Watching Halloween for October fright-fest. This is notes toward a movie analysis, so it contains spoilers, for several slasher flicks.
It all just came together for me. I was puzzling all through the movie (once again)—why all the Freudian pathologized superego stuff in all these killers—Michael Meyers, Jason Voorhees etc? Why the weird blending of mother and son in the first 2 Friday the 13ths?
I started thinking I should look into the production history of Halloween, maybe it was based on a particular serial killer with such a pathology?
And suddenly it hit me. Of course—it's Norman Bates! Pathologized superego and blending of mother and son into a serial killer. He kills apparently whenever he encounters a woman that stirs him sexually, because he's absorbed his insane mother (who somewhat resembles Carrie's mom come to think of it, in her over-the-top religious zealotry) and her face and voice become the form of the pathologized superego. It grips him, it possesses him. He feels such intense guilt every time he gets sexually aroused, his dead mother awakens in his psyche and puts on the superego, wears it like a skinsuit. He puts on her wig and her dress and ritually resurrects her through himself—she lives through him, possessing him and making him kill. He projects his intense sexual guilt onto the innocent woman who stirred his lust, and then he must kill her to rid himself of that guilt. And of course it only buries it temporarily, until he sees another woman that stirs him, and then his superego/devouring mother rises in him once more.
THAT is the origin of the slasher flicks of the 80s and beyond, starting with Halloween.
The real brilliance of John Carpenter was to put the viewers in the shoes of Michael Meyers—right behind his mask quite literally, seeing through his eyes, at the very beginning of Halloween when he was a little boy about to kill his sister. Through him we become voyeurs and stalkers. We watch his older sister making out with her boyfriend, and we move around the house to get a better view, standing out in the dark of night looking in the windows one after another. Stalking her, like a sexual predator, but also like a predatory killer. Carpenter merged the two. Actually I suppose all that was already implicit in Psycho, just not as obvious—Carpenter distilled it down, revamped it in new terms for the much more sexually permissive 70's, in the wake of the hippie revolution that did away with our chaste 50's morality and replaced it with a new sexual and moral looseness, an openness that the pathologized superego sees as unacceptable SIN that must be immediately punished. Carrie's mom and Norman Bates' mom both had that Old Testament Biblical intensity, that fire and brimstone vindictiveness when confronted with the slightest hint of licentiousness, the first glimpse of prohibited flesh or of provocative or suggestive behavior. It's all unforgivable sin and must be immediately punished, and the punishment is death. And the killer is become death. And through him to some degree we find ourselves, as viewers, titillated by the scenes of half-dressed women walking around in their houses, about to engage in sex, or just having done so, and smoking and drinking and giggling and laughing—all behavior unbecoming to the Puritan values (the Puritans were the Salem witch-hunters). And make no mistake, that's about the level of sin-hating you get from Carrie's mom, and Mrs. Bates. And that's the level in the psyche of the various killers—Norman, Michael, Jason, etc. This is why the movies are intense morality plays—as soon as teenagers engage in extramartial sex or even anything approximating it or leading up to it, or even just drinking and drugs (all the stuff that became so normalized in the wake of the Hippie revolution) here comes the killer and it's lights out!

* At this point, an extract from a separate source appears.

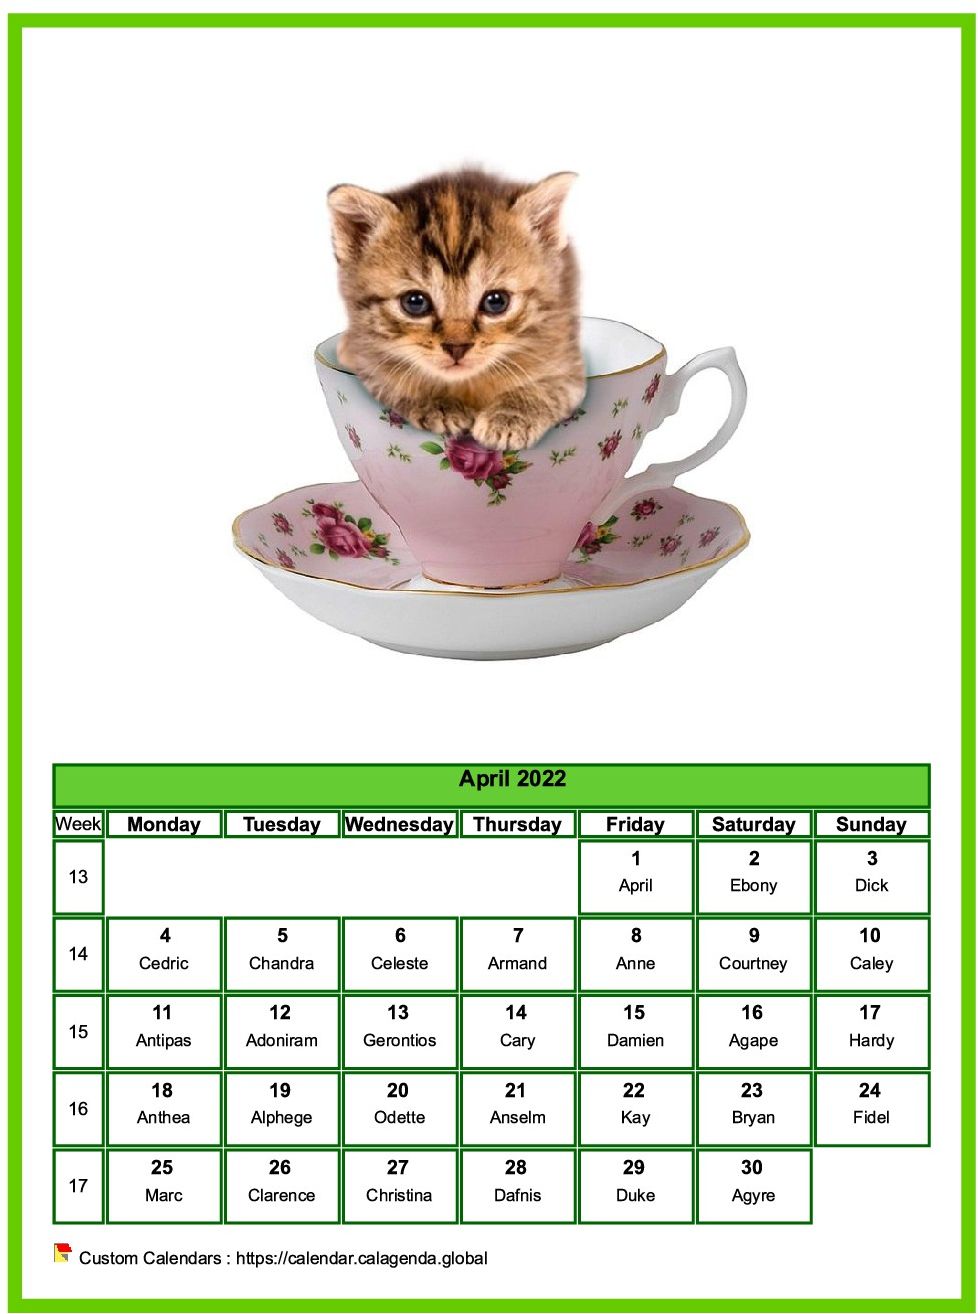 Calendar April 2022 cats

The titillation works on two levels. And this is another facet of Carpenter's brilliance in this deceptively simple movie—the titillation is the trigger that instantly turns the serial killer into a death-stalker, and it also puts bums in seats in the theaters. Dudes know every year there'll be another installment of some serious T&A along with buckets of blood and gore. A winning combination. It was a super low-budget movie—no special effects, all shot on location I believe, no sets built, no special costumes, aside from a rubber Halloween mask. But because of that perfect combination of Freudian/Hitchcockian psychology, sexual titillation, and blood and murder, he hit on the perfect formula that launched countless sequels and copycat franchises that would dominate the box office for the next decade or so.